Let's expand the question to include all of the halobenzenes.

All of the halogens ($\ce{F, Cl, Br, I}$) are more electronegative than hydrogen. Therefore they will inductively remove electron density from a benzene ring. However, you can also draw resonance structures for the various halobenzenes where the halogen substituent is donating electron density to the ortho and para positions of the benzene ring through resonance.

Therefore, in the case of the halobenzenes these two effects are working in opposite directions. In order to determine which effect controls the reaction, we need some data.

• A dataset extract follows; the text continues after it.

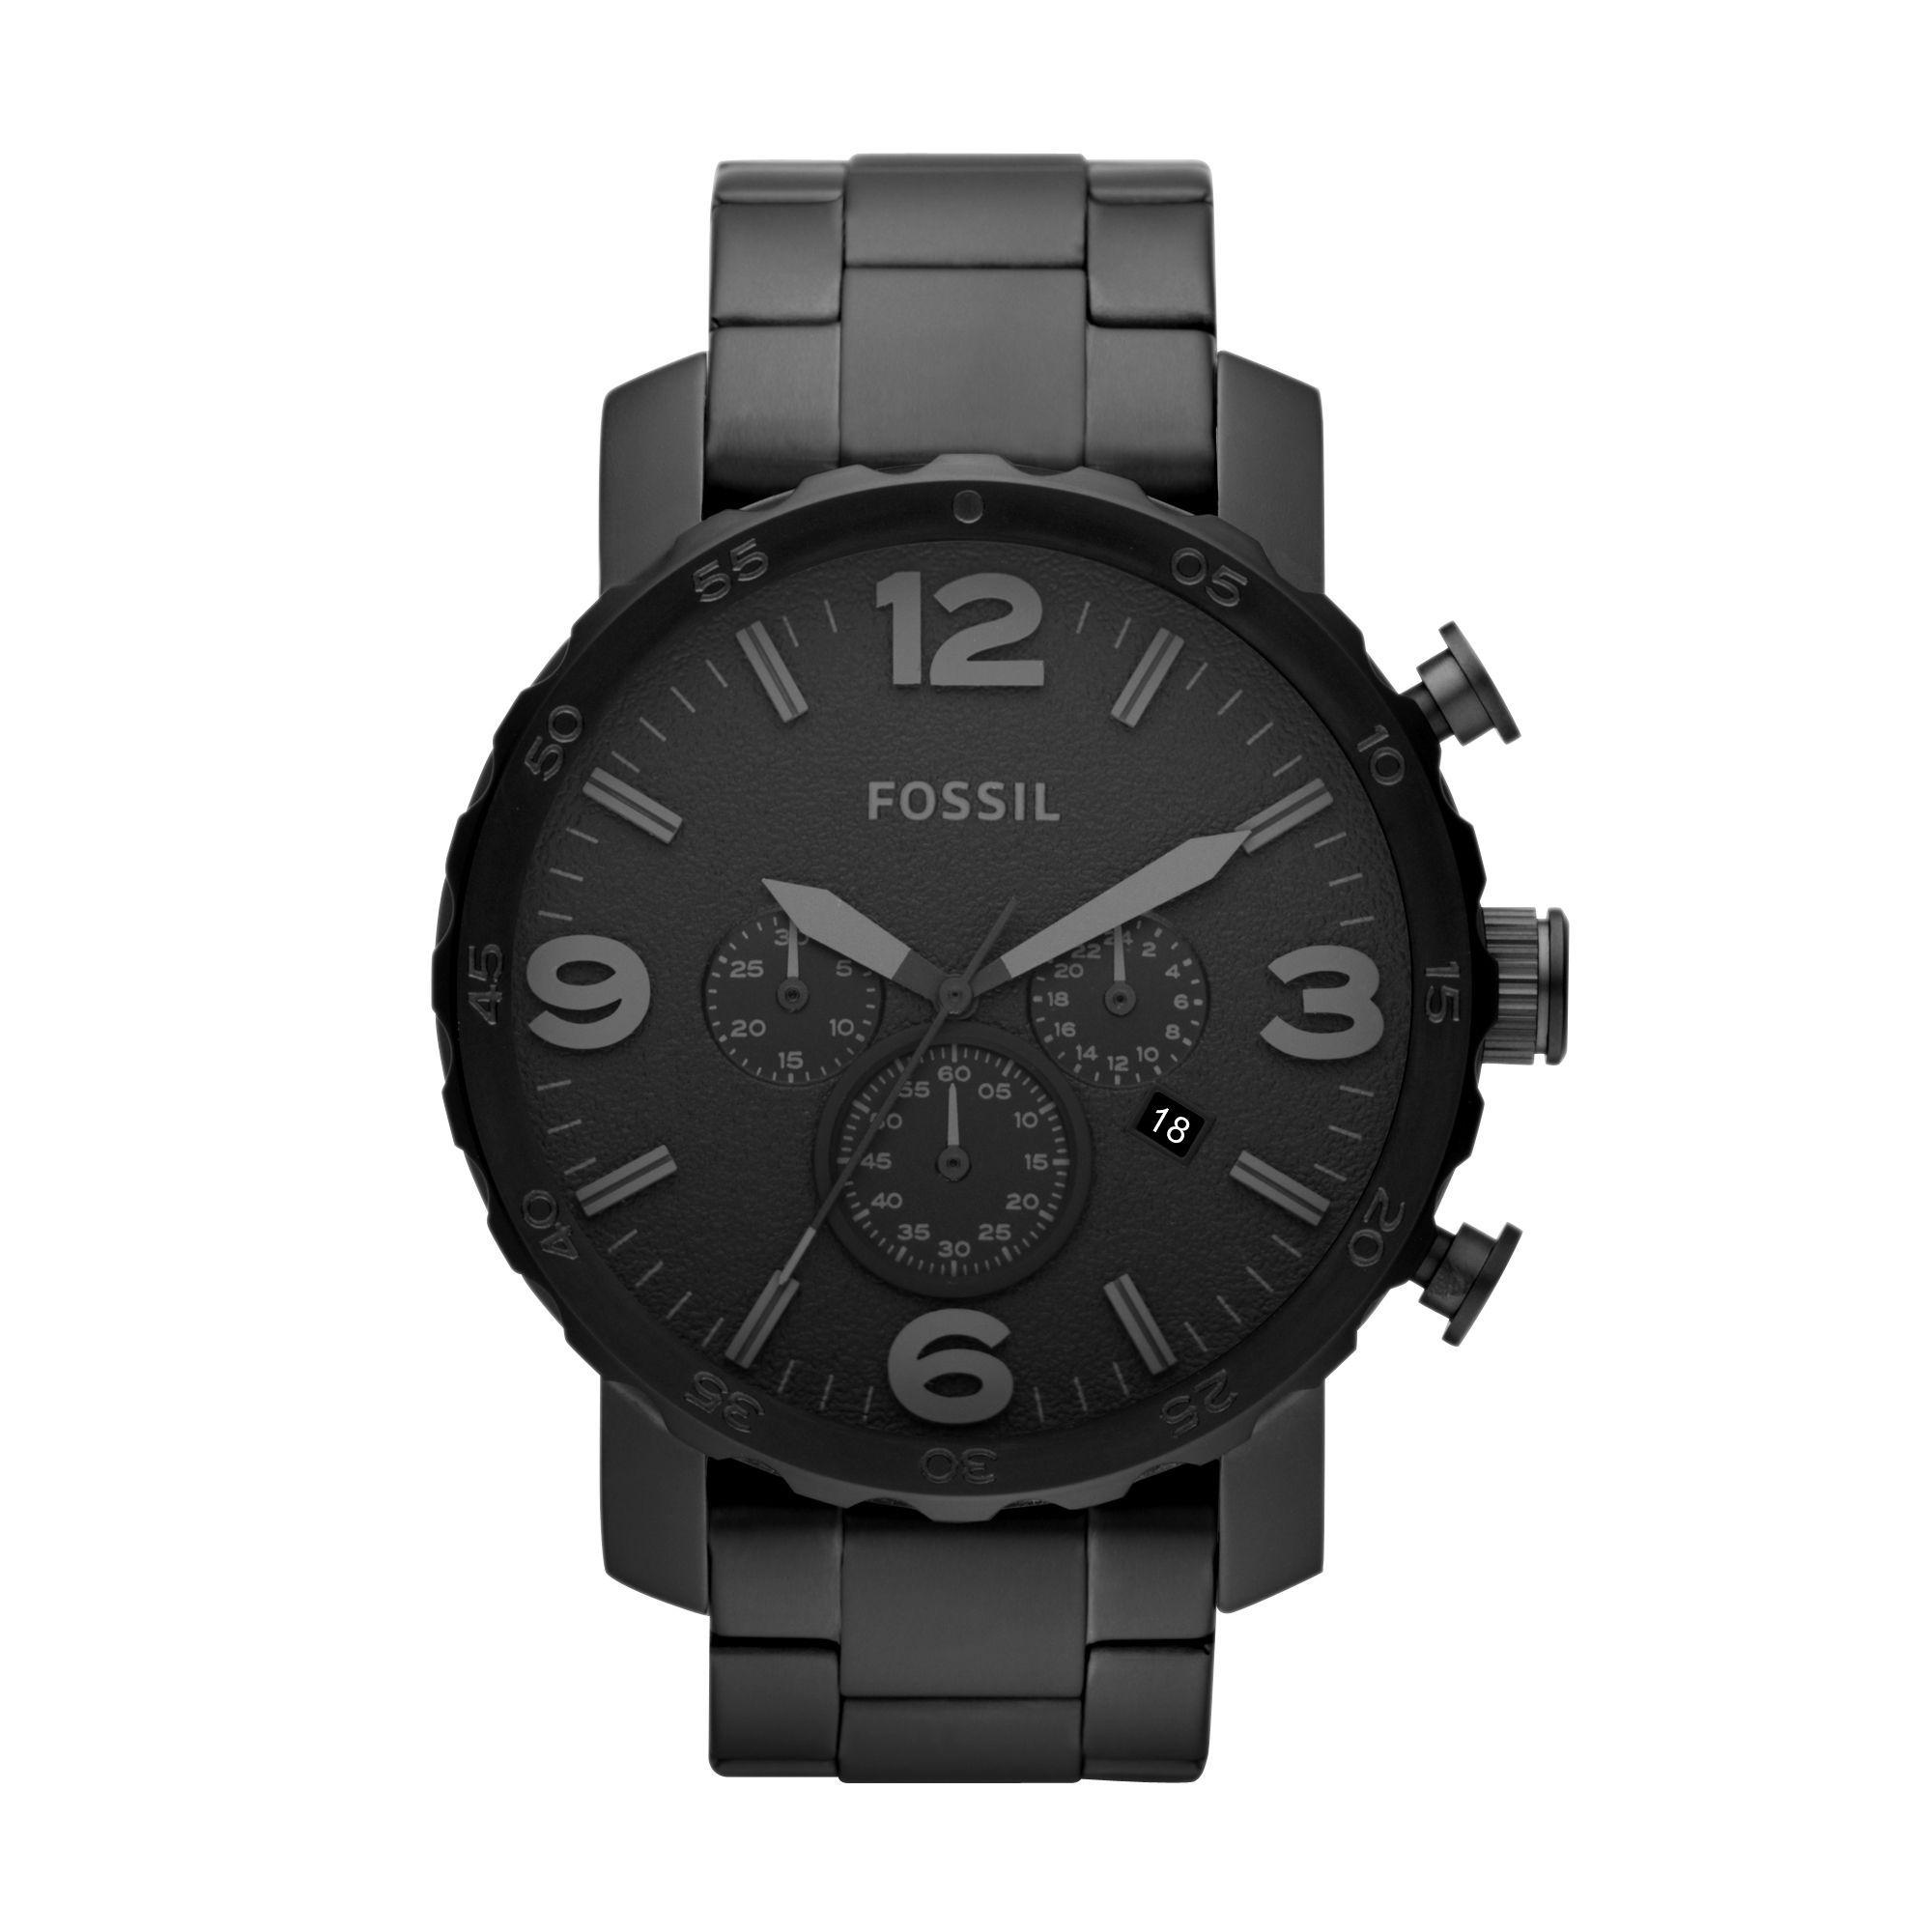 Sportlicher Chronograph in trendigem Schwarz. Die Fossil Nate, Modell JR1401, bekommen Sie bei uns mit persönlicher Gravur. Für ein ganz individuelles Geschenk.

The following table compares the relative rates of electrophilic aromatic nitration of the halobenzenes to the rate for benzene itself. If we assign benzene a relative rate of 1, we see that all of the halobenzenes react slower than benzene itself. This tells us that the inductive effect is stronger than the resonance effect in the halobenzene series.
\begin{array} \hline \text{Relative rates of aromatic electrophilic nitration} \\ \hline \end{array} \begin{array}{|c|c|c|c|} \hline \ce{Ar-X} & \text{Relative rate} \\ \hline \ce{Ar-H} & 1.0 \\ \hline \ce{Ar-F} & 0.11 \\ \hline \ce{Ar-Cl} & 0.02 \\ \hline \ce{Ar-Br} & 0.06 \\ \hline \ce{Ar-I} & 0.13 \\ \hline \end{array}

(data source: see p. 26 here)

However, when the halobenzenes do undergo electrophilic aromatic substitution, they react preferentially at the ortho and para positions, because, as explained above, the resonance effect donates electron density to the ortho and para positions. Therefore, these two positions are the least deactivated and react preferentially.